Profits down at Asos but e-tailer is upbeat as new strategies push sales up, share price rises

Profits down by 10% may not sound like the greatest news for a retailer to deliver but Asos’s investors didn’t seem to mind and sent its share price upwards Wednesday after the company delivered its half-year numbers.

Why were they happy? Well sales are continuing to rise, the company clearly recovered quickly from a disastrous warehouse fire last summer, a new pricing strategy may be denting margins but it’s also powering expansion internationally, and the firm is confident on profits and margins for the full year.

After a bleak year in which it had to contend with that fire and delivered three profit warnings, today’s results announcement details all add up to a huge shopping basket of good news.

So what are the details? Pre-tax profit for the six months to February 28 slipped to £18m ($26.5m) from £20.1m a year ago on costs related to the introduction of its zonal pricing and investment in distribution capacity, it said.

That zonal pricing allows it to adjust uncompetitive prices in international markets to boost sales and market share.
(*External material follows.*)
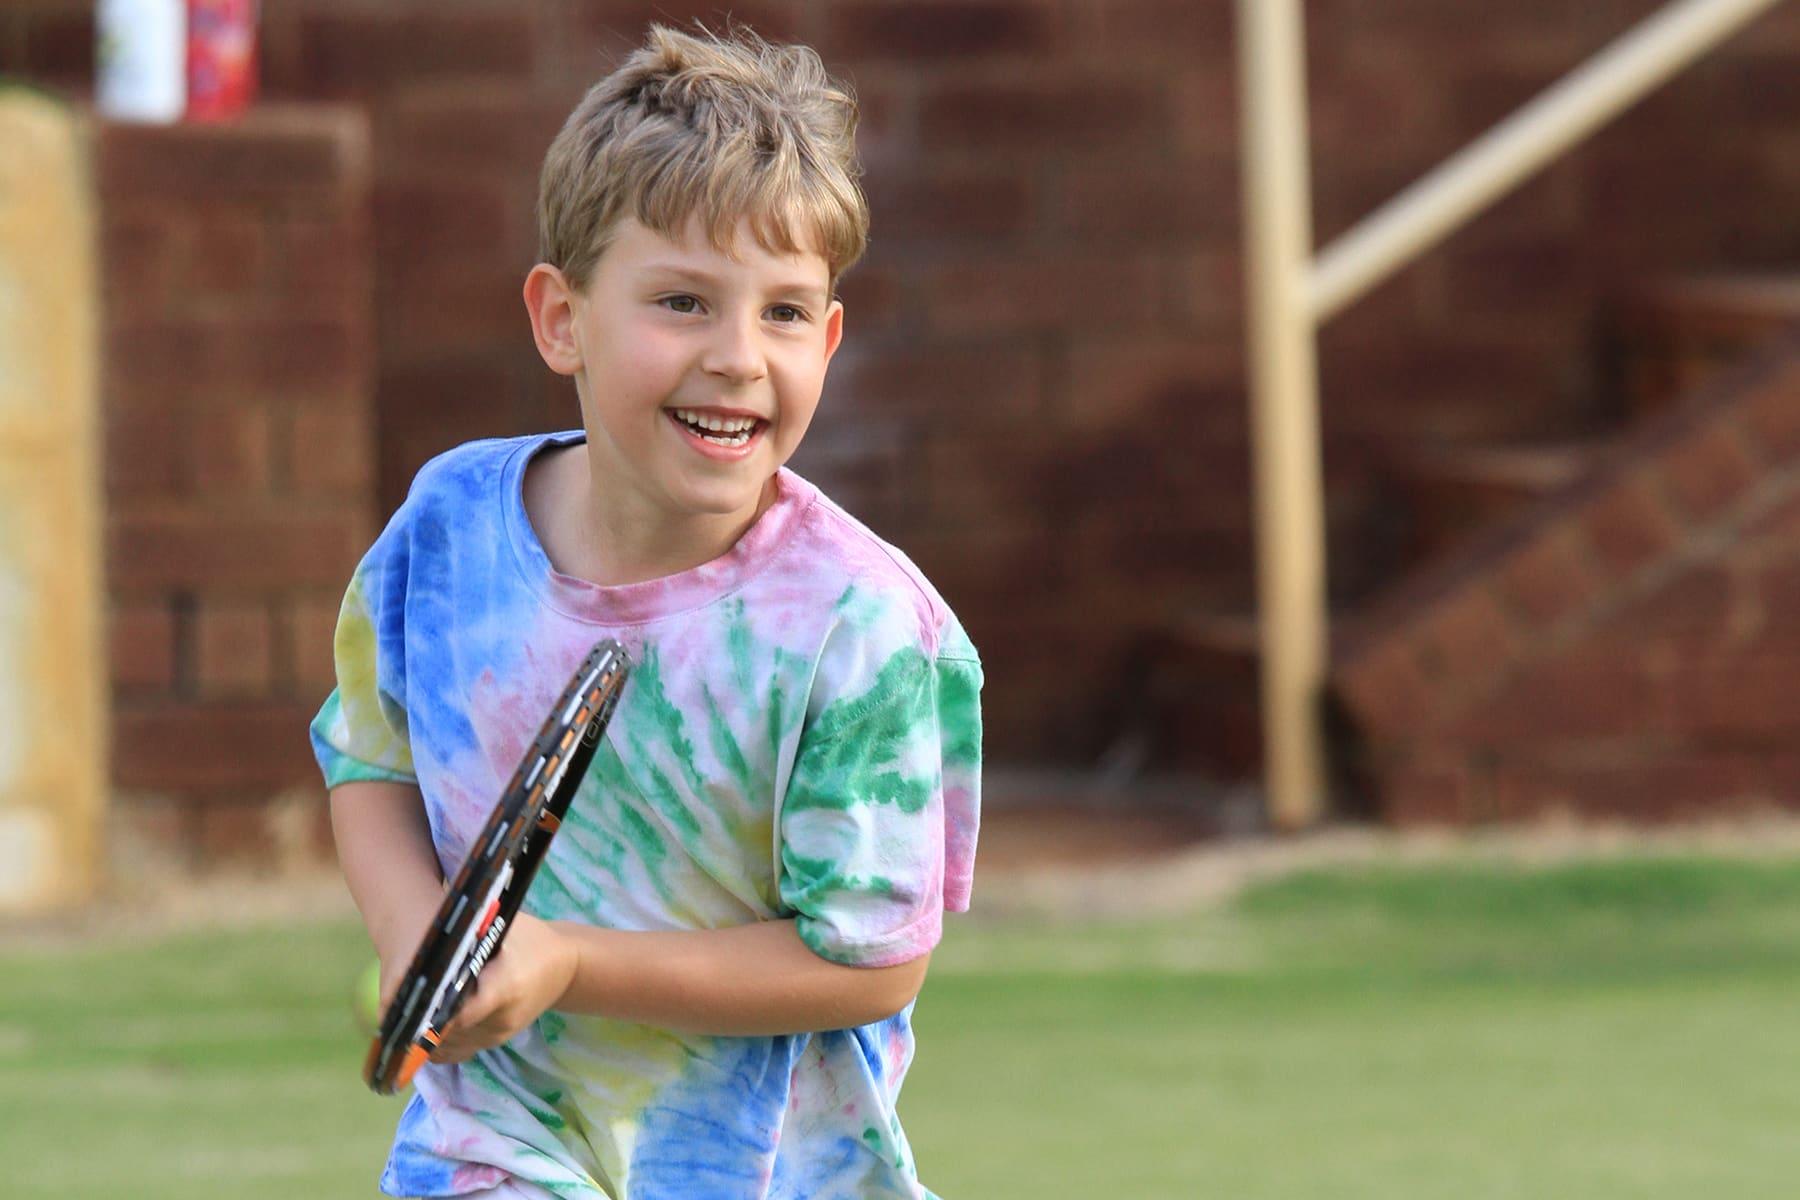 https://www.tennisexcellence.com.au/wp-content/uploads/2020/01/Home_Programs_Hotshots.jpg

It’s already having an effect in the Eurozone and Australia/New Zealand with further implementation set to roll out.

Revenue for the period rose 14% to £550.5m, in line with analysts’ view, boosted by an impressive 27% jump in UK sales combined with more modest 5% growth internationally.

Gross margins fell to 48.2% from 50.5% a year ago.
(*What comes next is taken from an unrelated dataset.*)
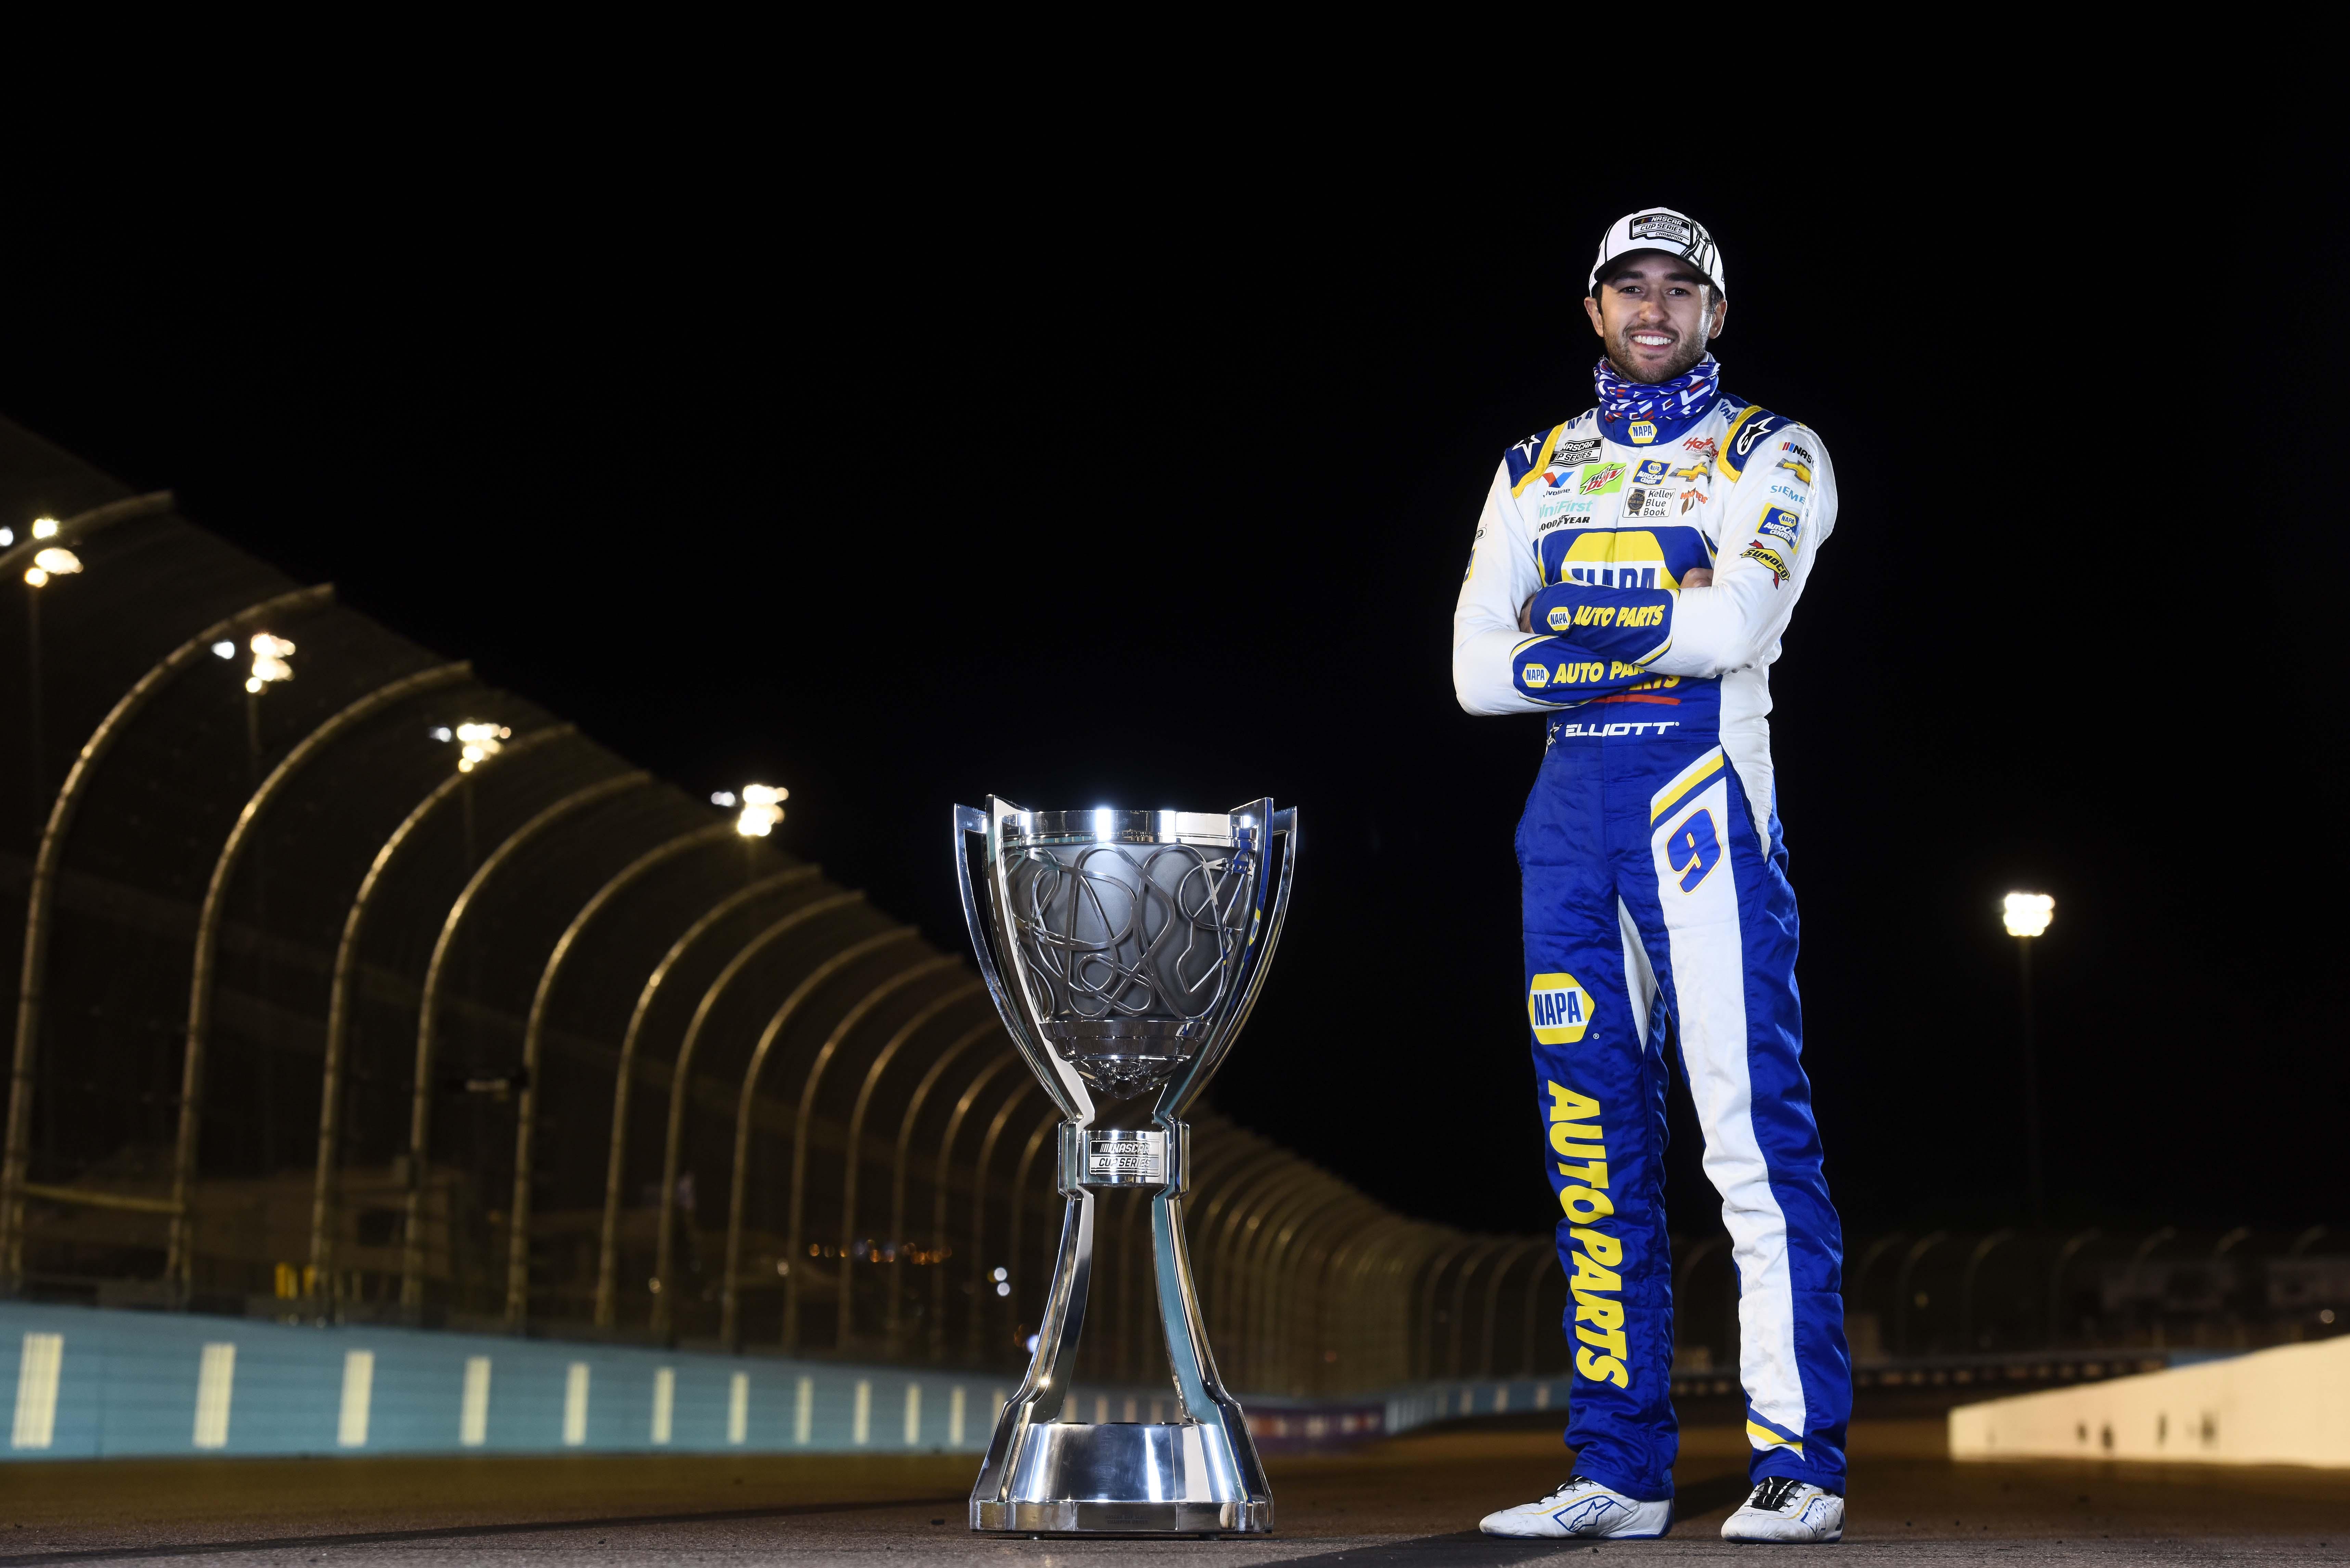 Chase Elliott - 2020 NASCAR Cup Series trophy

Asos said it had 9.3m active customers (3.7m in the UK and 5.6m internationally) at February 28, up 13% on prior year, and attracted 88m visits during February (3.2m in the UK and 5m abroad). It also added that customer engagement “remains high”, with growth in visits, average order frequency, average basket size and conversion all improving.

The retailer, which stocks over 75,000 lines across more than 750 brands, added 150 new brands in the period including Abercrombie & Fitch, adidas, Ellesse, Reebok, Sisley, Only & Sons and Liquor & Poker. It also removed 180 brands.
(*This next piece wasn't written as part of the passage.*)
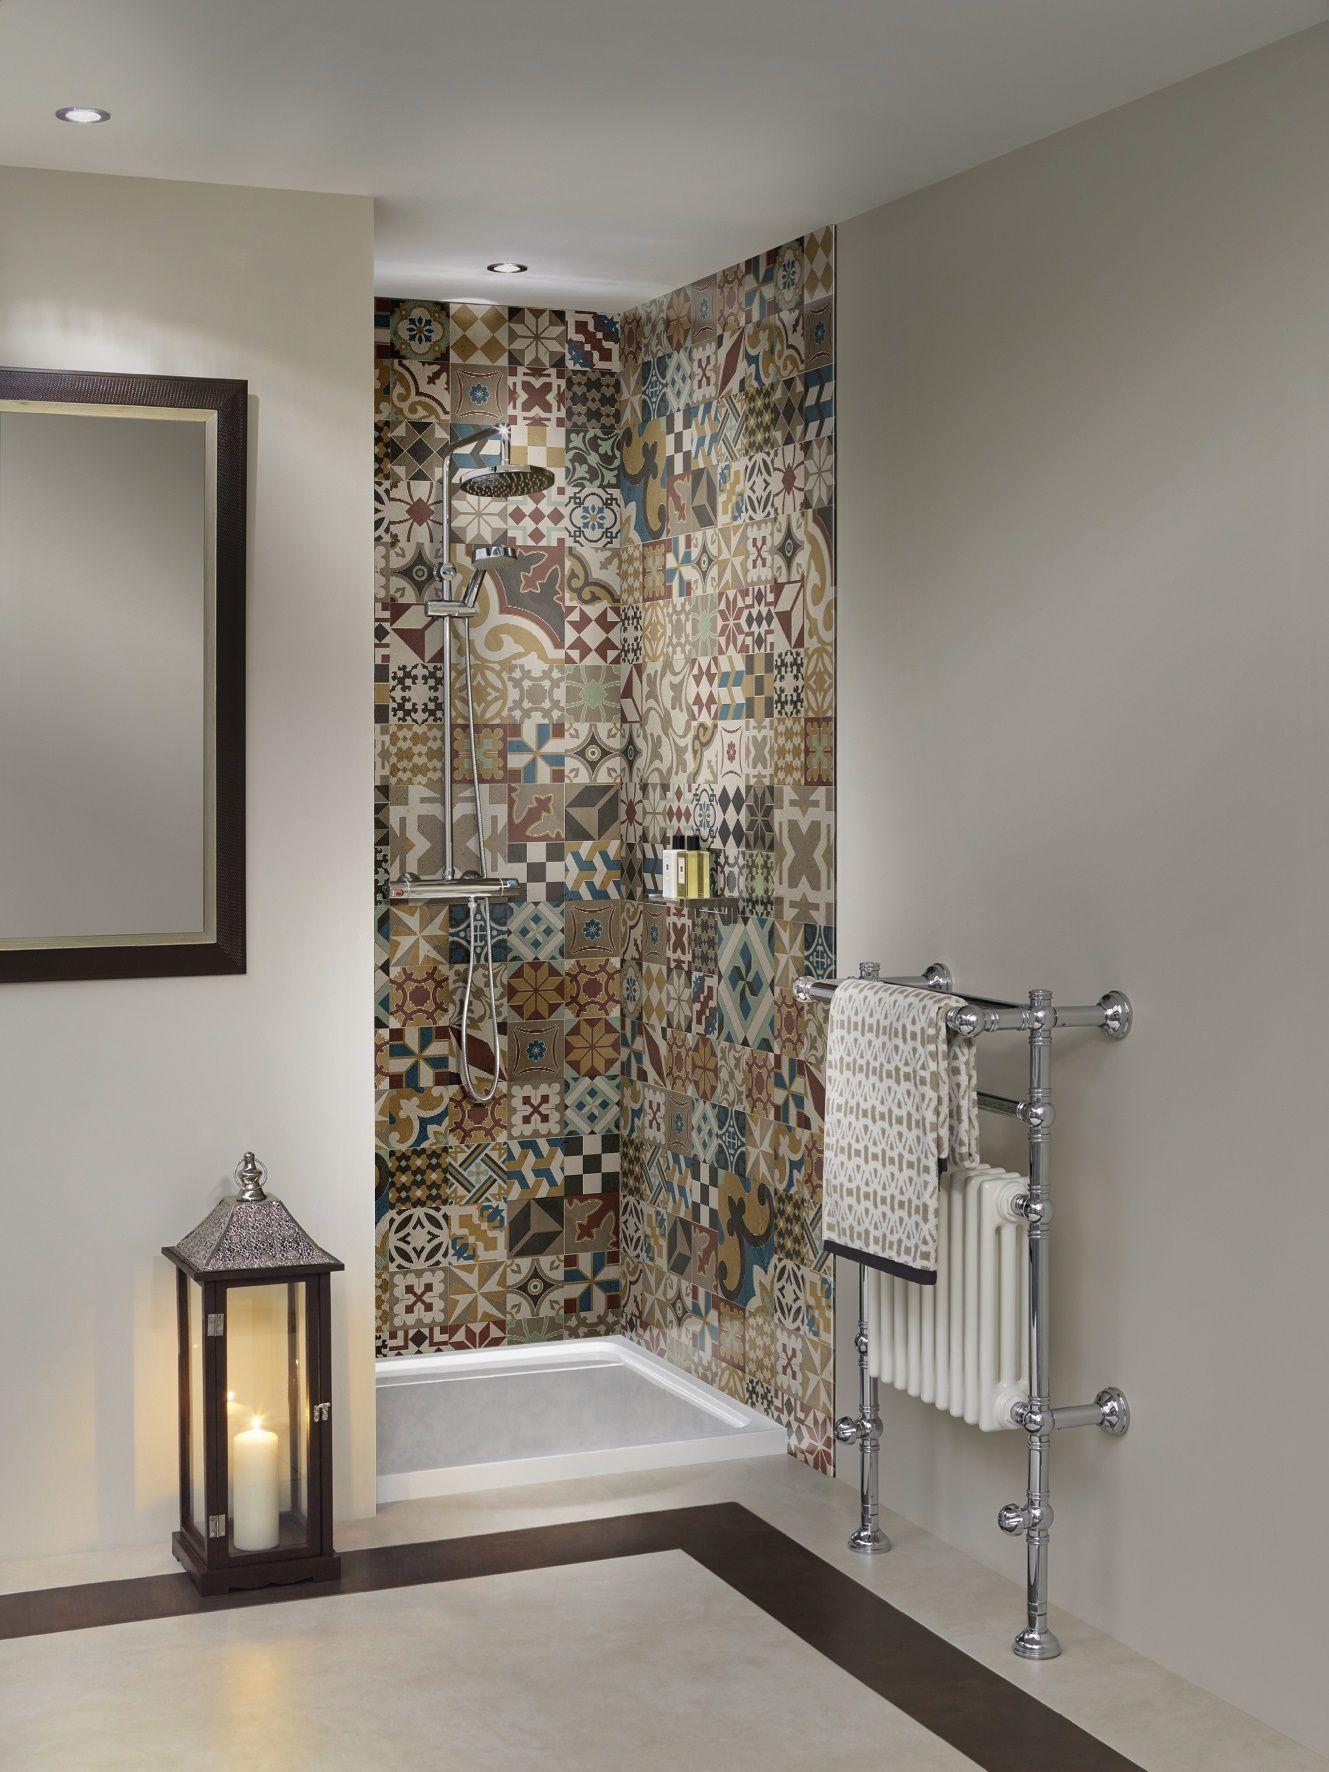 Bushboard Nuance Bathroom Wall Panels Bathroom Inspiration Decor Shower Wall Panels

Uptake of its Asos Premier membership in the UK, US, France, Germany and Australia continued to grow, with total members up nearly 70% on last year, it said.

“With our continued investment in our international price competitiveness gaining traction, momentum in the business is building,” said chief executive Nick Robertson.

“This gives us confidence in the outlook for the second half and that full year profit and margin will be in line with expectations.”